Conditional probability is a crucial concept when dealing with events that depend on one another. It refers to the probability of an event occurring given that another event has already occurred. More formally, the conditional probability of an event A given that B has occurred is represented as \( P(A|B) \), calculated as:\[P(A|B) = \frac{P(A \cap B)}{P(B)}\]Where \( P(A \cap B) \) is the probability of both events A and B occurring.In our exercise, while we don't explicitly calculate conditional probabilities, understanding this concept allows us to evaluate intersections of events, like when evaluating whether R misses given that P or Q hits. Instead of targeting a single probability dependent on an event, we are assessing independent hits or misses of P and Q while keeping R's attempt as a separate event. Understanding this prepares students better for more complex problems where conditioning directly impacts calculation.

When two or more events are independent, the occurrence of one does not influence the probability of occurrence of the other(s). Probability of independent events rules help us simplify calculations because we can multiply their probabilities directly.For independent events A and B, the probability of both events happening is calculated by:\[P(A \cap B) = P(A) \times P(B)\]In our scenario, P, Q, and R are attempting individually and independently to hit the target. Thus, calculating when each hits or misses is straightforward because one person’s action doesn’t affect the others. For instance, determining the likelihood that P hits and R misses involves direct multiplication: \( P(A) \times P(C') \). These independent event calculations are pivotal for understanding the overall probability that the target is hit by various combinations of P and Q, but not R.

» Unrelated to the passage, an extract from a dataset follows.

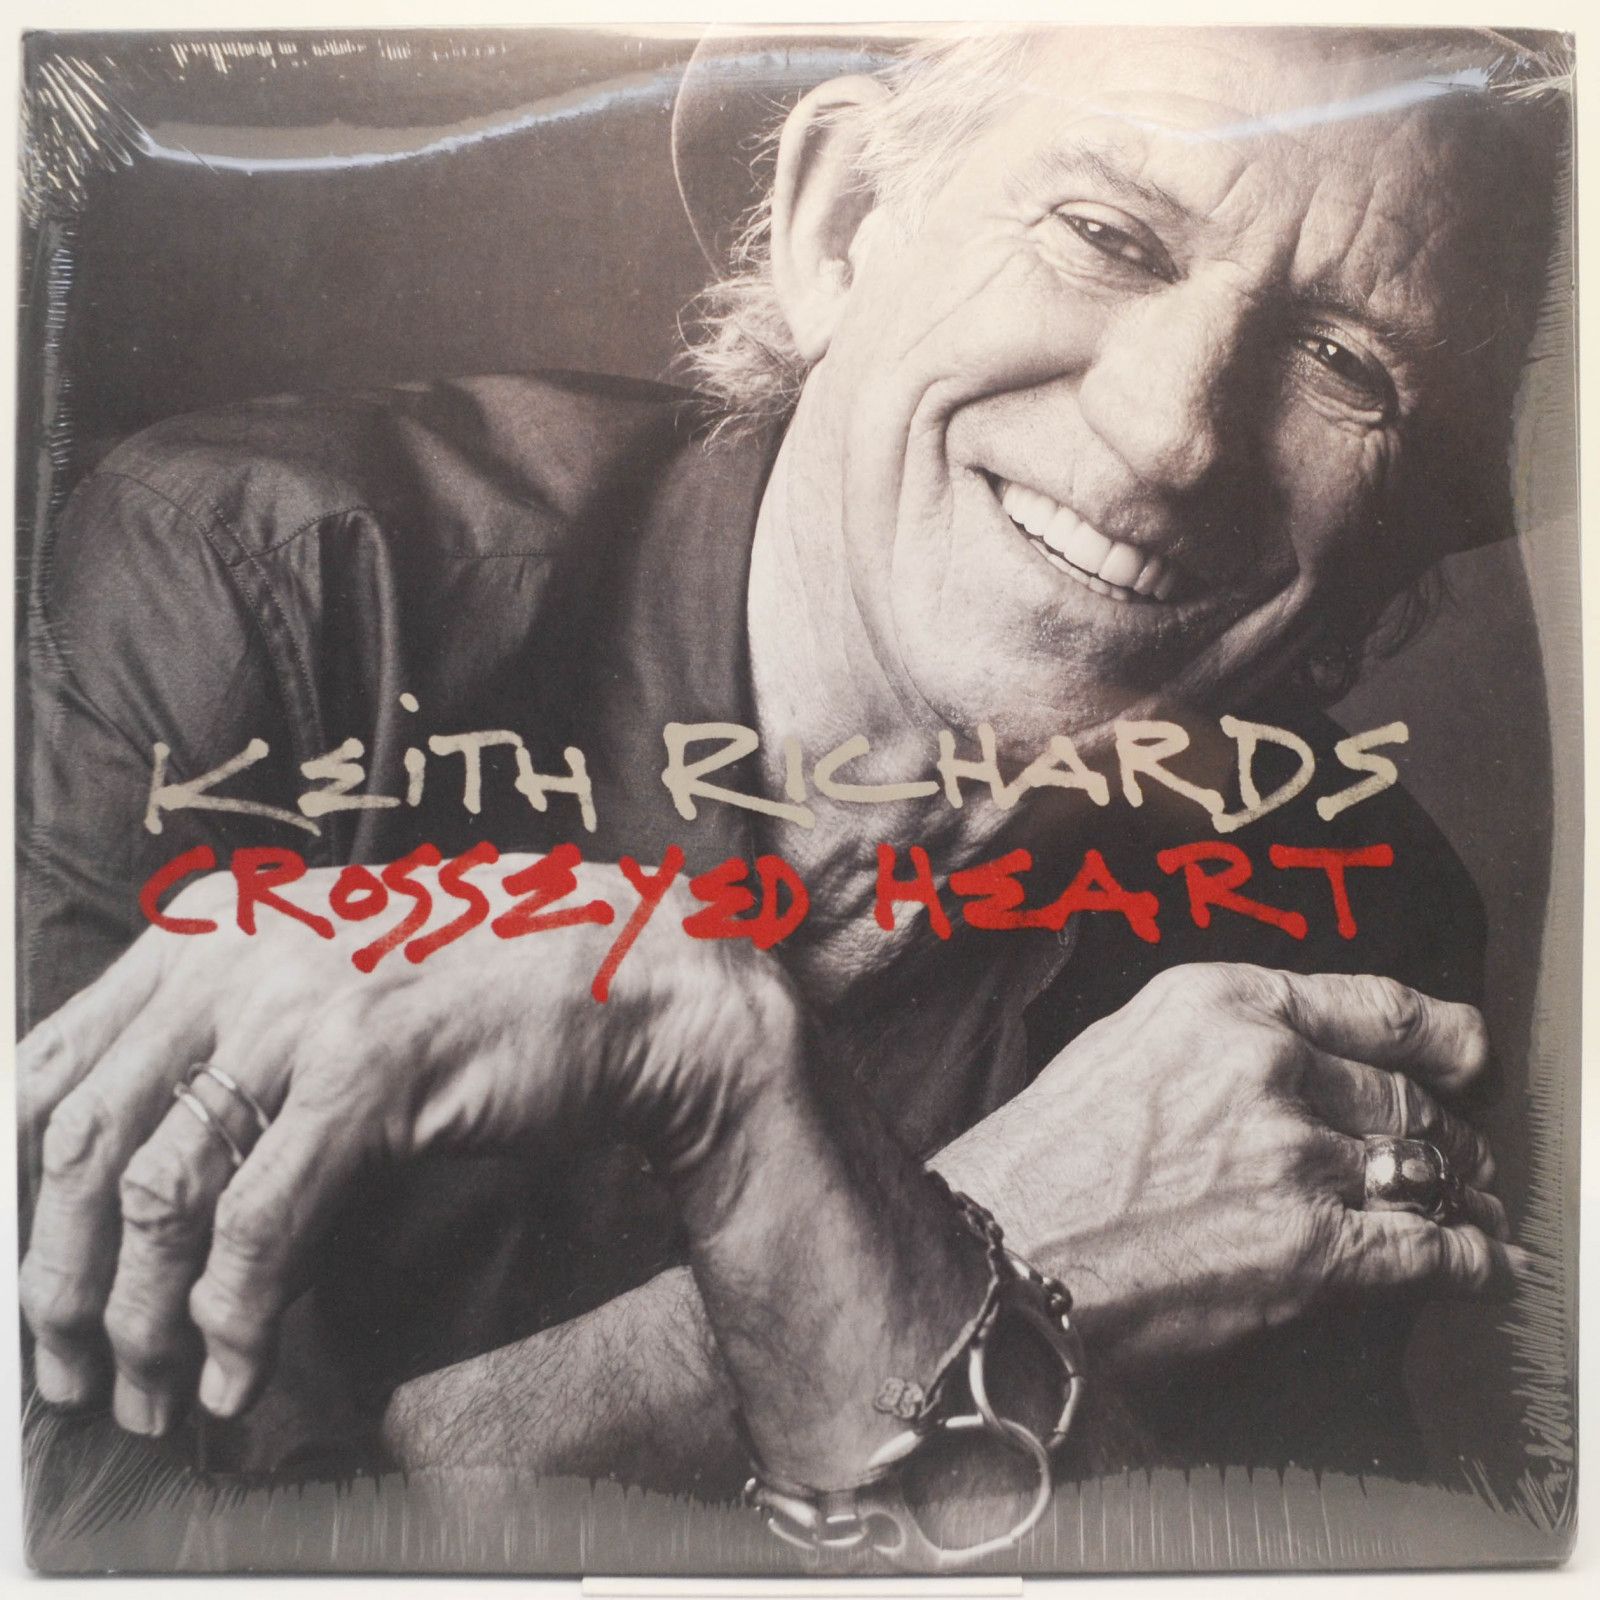 Keith Richards — Crosseyed Heart (2LP, USA), 2015

The inclusion-exclusion principle is used to calculate the probability of the union of multiple events, avoiding double-counting overlapping parts. It's especially helpful in scenarios where simply adding probabilities might lead to over-counting occurrences of multiple events.The inclusion-exclusion principle formula for two events A and B is:\[P(A \cup B) = P(A) + P(B) - P(A \cap B)\]In this exercise, the principle aids us in correctly assessing the probability that either P or Q hits the target, possibly at the expense of accidentally counting overlapping scenarios. Initially in the solution, this principle is inadvertently overlooked, prompting reevaluation.To properly apply it to "P or Q hits but not R", a breakdown reducing overlap with failed R attempts helps ensure accurate final probabilities—such fine details are pivotal for calculating without miss.Understanding how this principle corrects overcounting makes it indispensable, and crucial for JEE Probability problems.